The Health Of The People Should Be The Supreme Law

In a bitterly contested ruling in November, the Supreme Court sided with religious groups challenging restrictions on in-person worship in New York State. In doing so, the justices in the majority signaled a dangerous retreat from the long-established legal principle of deferring to the public health powers and judgments of state governments.

At first glance, the consequences of the New York case appear limited: officials even revised the state’s restrictions before the Court issued its injunction. The five conservative justices in the majority granted relief for the challengers regardless, on the basis that Governor Cuomo’s directives “single[d] out houses of worship for especially harsh treatment” compared to essential businesses. The governor had mandated that certain areas of the state with high rates of community spread limit attendance at religious services, whereas secular settings like grocery stores were not subject to such constraints.

The evidence did not bear out the idea that houses of worship had faced discrimination, however. For example, a brief submitted by the American Medical Association noted that “the Governor’s Executive Order has singled out religious services for more lenient treatment than similarly risky activities.”

Beyond the narrow (and currently moot) specifics of the New York case, the ramifications of the conservative majority’s ruling undermine the viability of critical public health measures like restrictions on high-risk activities and mask requirements. The upshot of the unsigned November ruling could be severe — both during this pandemic and the next.

Judges, as the majority that overruled restrictions in the New York case pointed out, are not public health experts. That’s precisely why the age-old principle of salus populi suprema lex esto, meaning the welfare of the people is the supreme law, calls for the courts to give state officials substantial latitude in their efforts to limit the spread of deadly pathogens like SARS-CoV-2.

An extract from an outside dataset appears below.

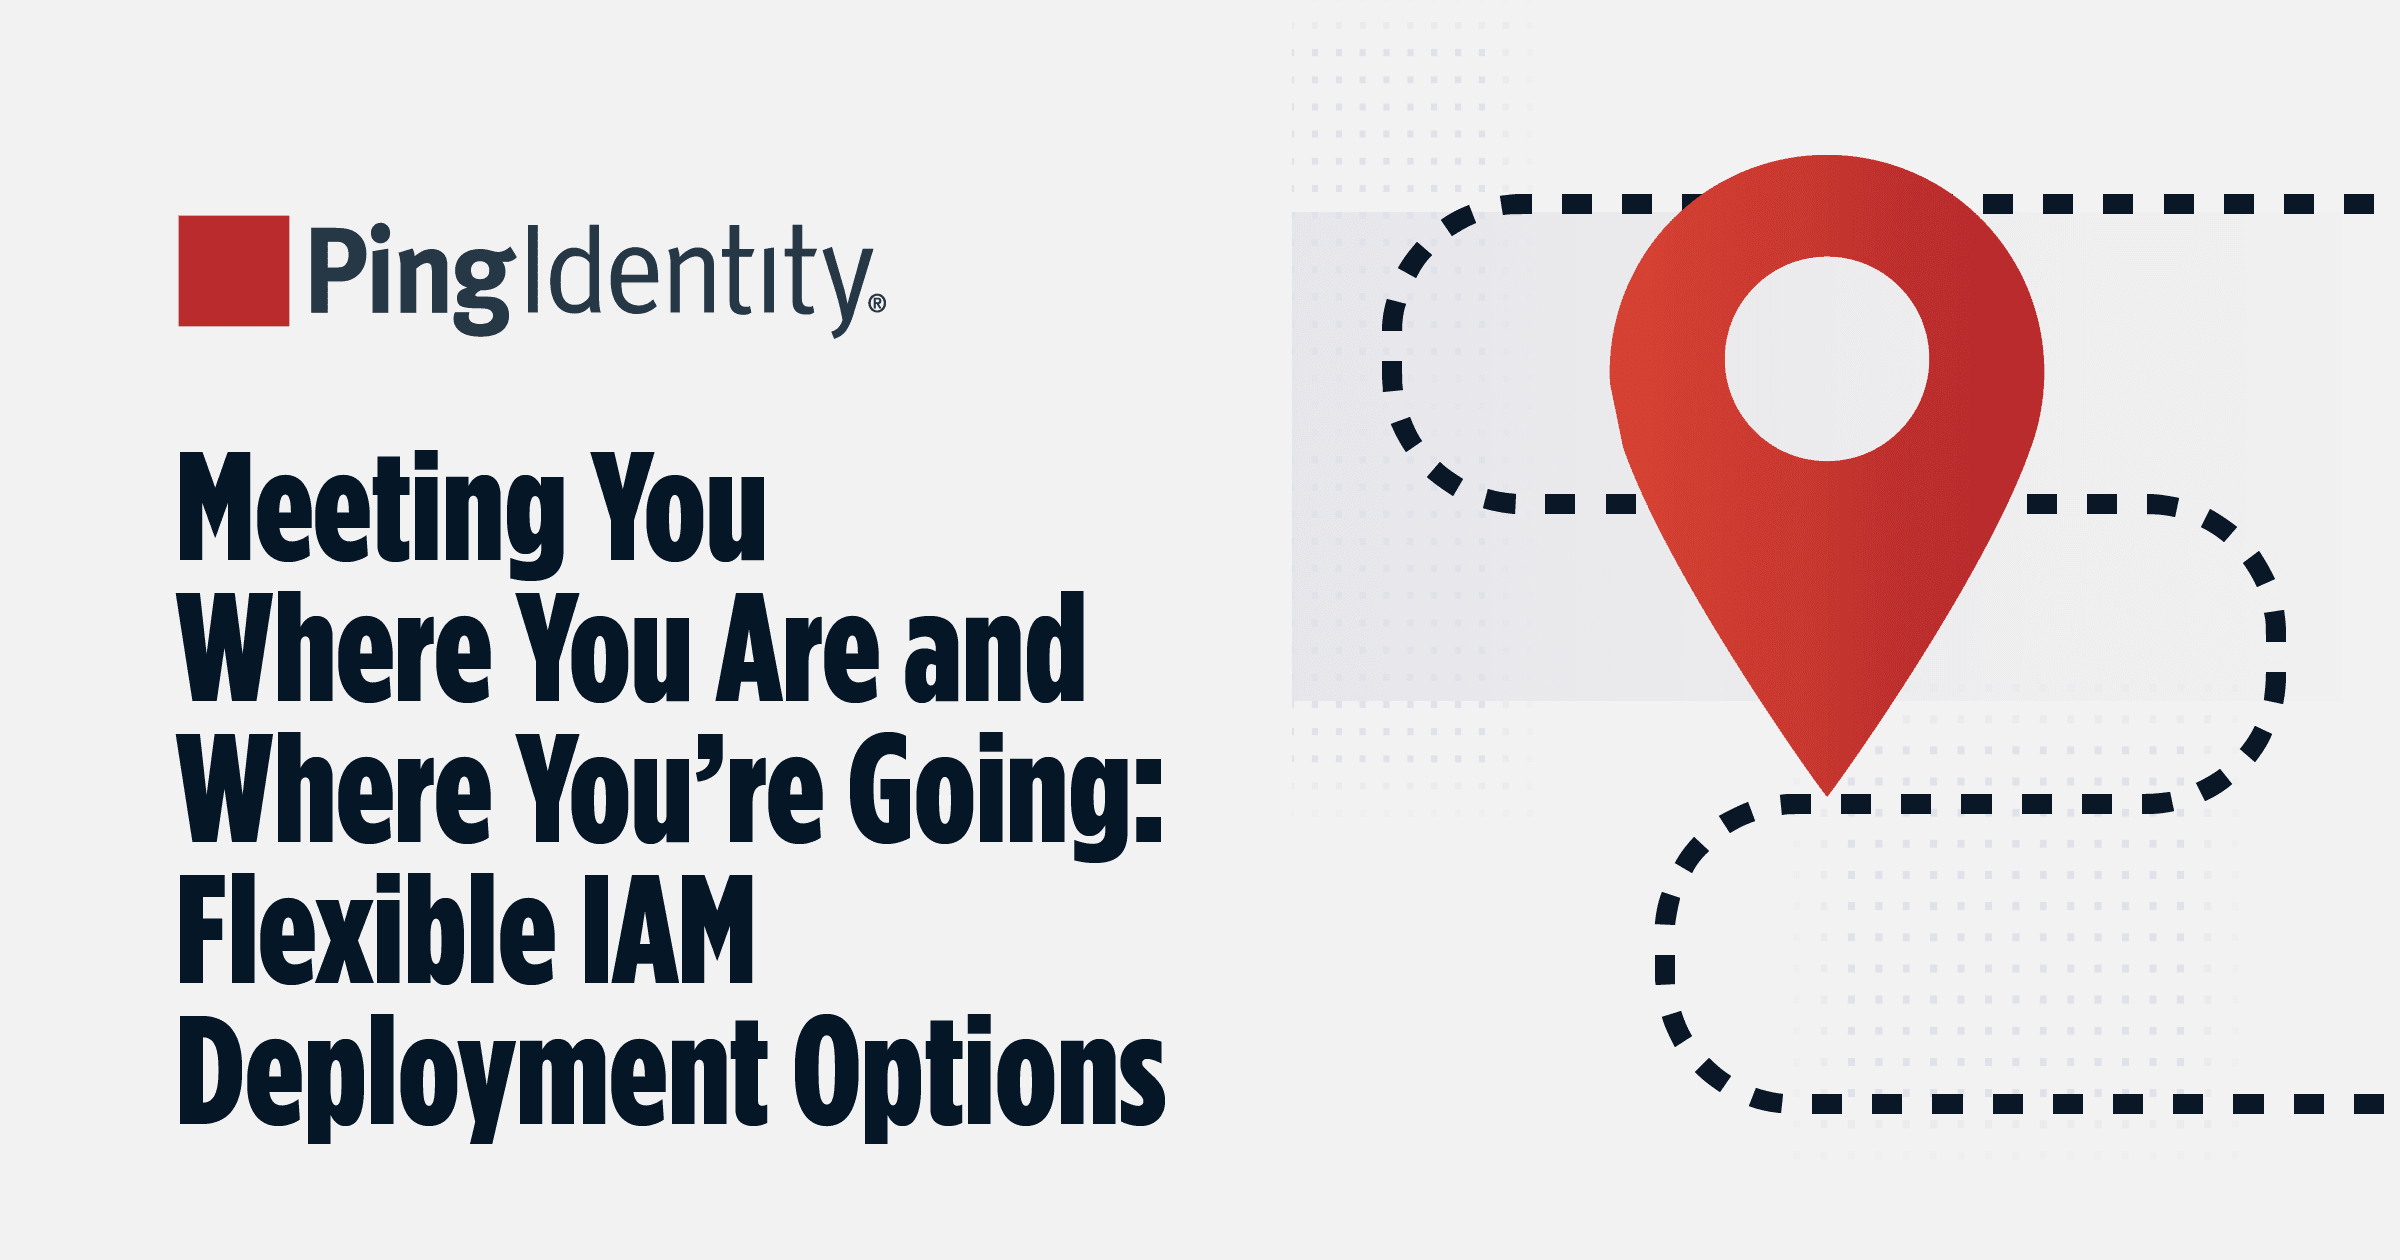 Meeting You Where You Are and Where You’re Going: Flexible IAM Deployment Options
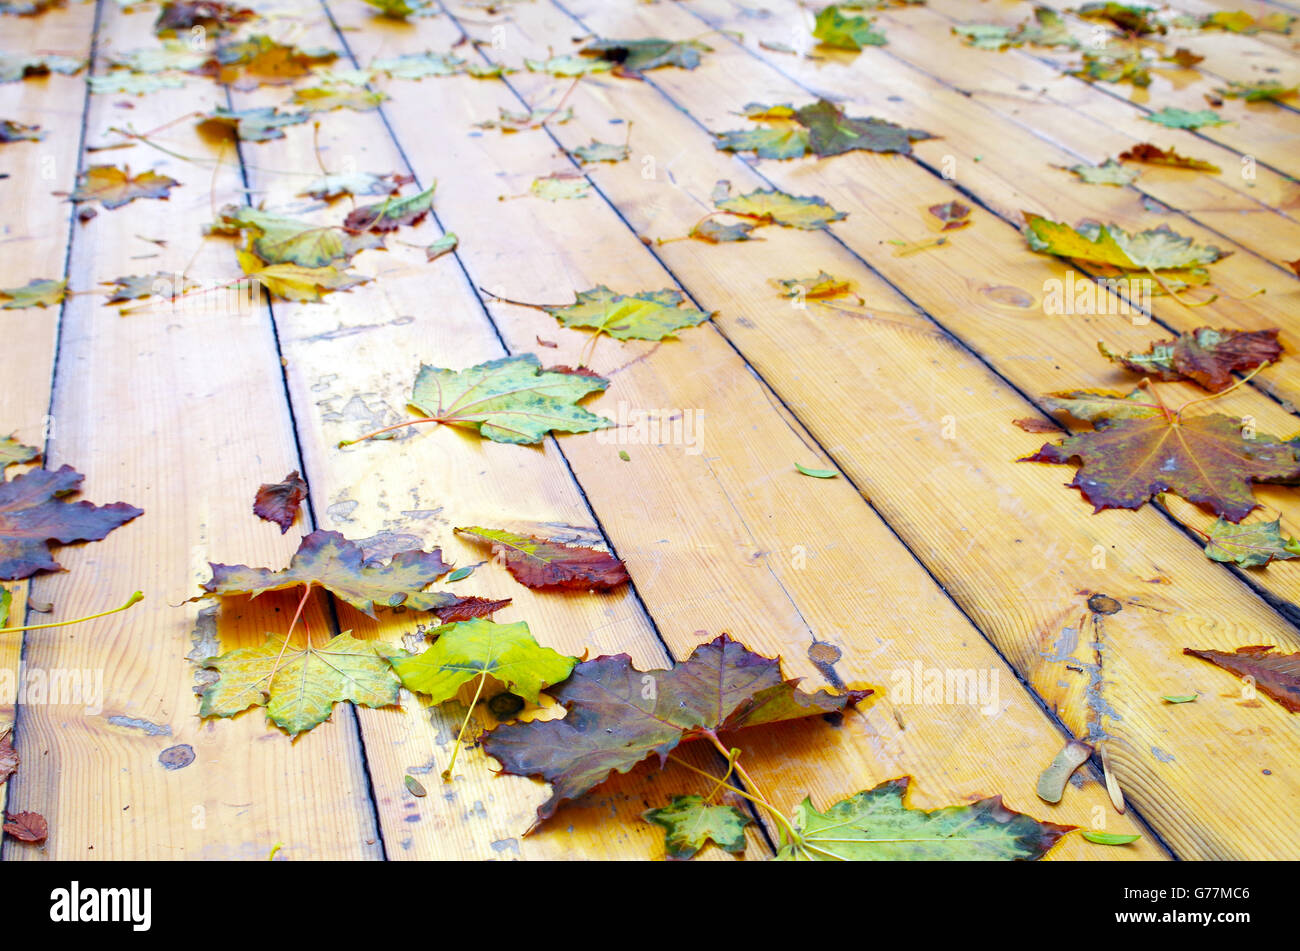 Close up view on a wet green and yellow leaves of maple and chestnut trees with shallow depth of focus on the wet wooden platfor Stock Photo

The majority in Roman Catholic Diocese of Brooklyn v. Cuomo claimed, in the face of overwhelming evidence and expert consensus to the contrary, that “it has not been shown that granting the applications will harm the public” and that “the State has not shown that public health would be imperiled if less restrictive measures were imposed.”

In a concurrence, Justice Neil Gorsuch brushed aside the weight of salus populi, referring to the landmark Supreme Court precedent of Jacobson v. Massachusetts as a “modest decision.” Though no one would seriously argue with Justice Gorsuch’s assertion that “even in a pandemic, the Constitution cannot be put away and forgotten,” this is a straw man. In fact, New York State was striving to balance states’ public health powers with other constitutional liberties. (See this recent post for more on balancing religious freedom and public health.)

As states try to strike this balance, the fact that this pandemic has led to the deaths of hundreds of thousands of people in this country should urge strongly in favor of leaving public health measures intact. The carnage that Covid-19 has wrought seems to represent an emphatic call for federal judges to defer to epidemiologically-informed executive actions.

Until we reach vaccine-induced herd immunity, policies that leverage public health tools such as mask-wearing and physical distancing continue to be the most effective tools at state and local officials’ disposal to combat the spread of the novel coronavirus. When necessary, mask mandates and temporary shutdowns of non-essential businesses are not panaceas, but they’re far from useless.

Recognizing the authority of state officials to implement life-saving measures is not tantamount to casting aside the Constitution. Instead, recognizing states’ prerogative to safeguard the health and welfare of the people is exactly what the Court’s precedents, a proper weighing of constitutional interests, and the dire reality of this pandemic require.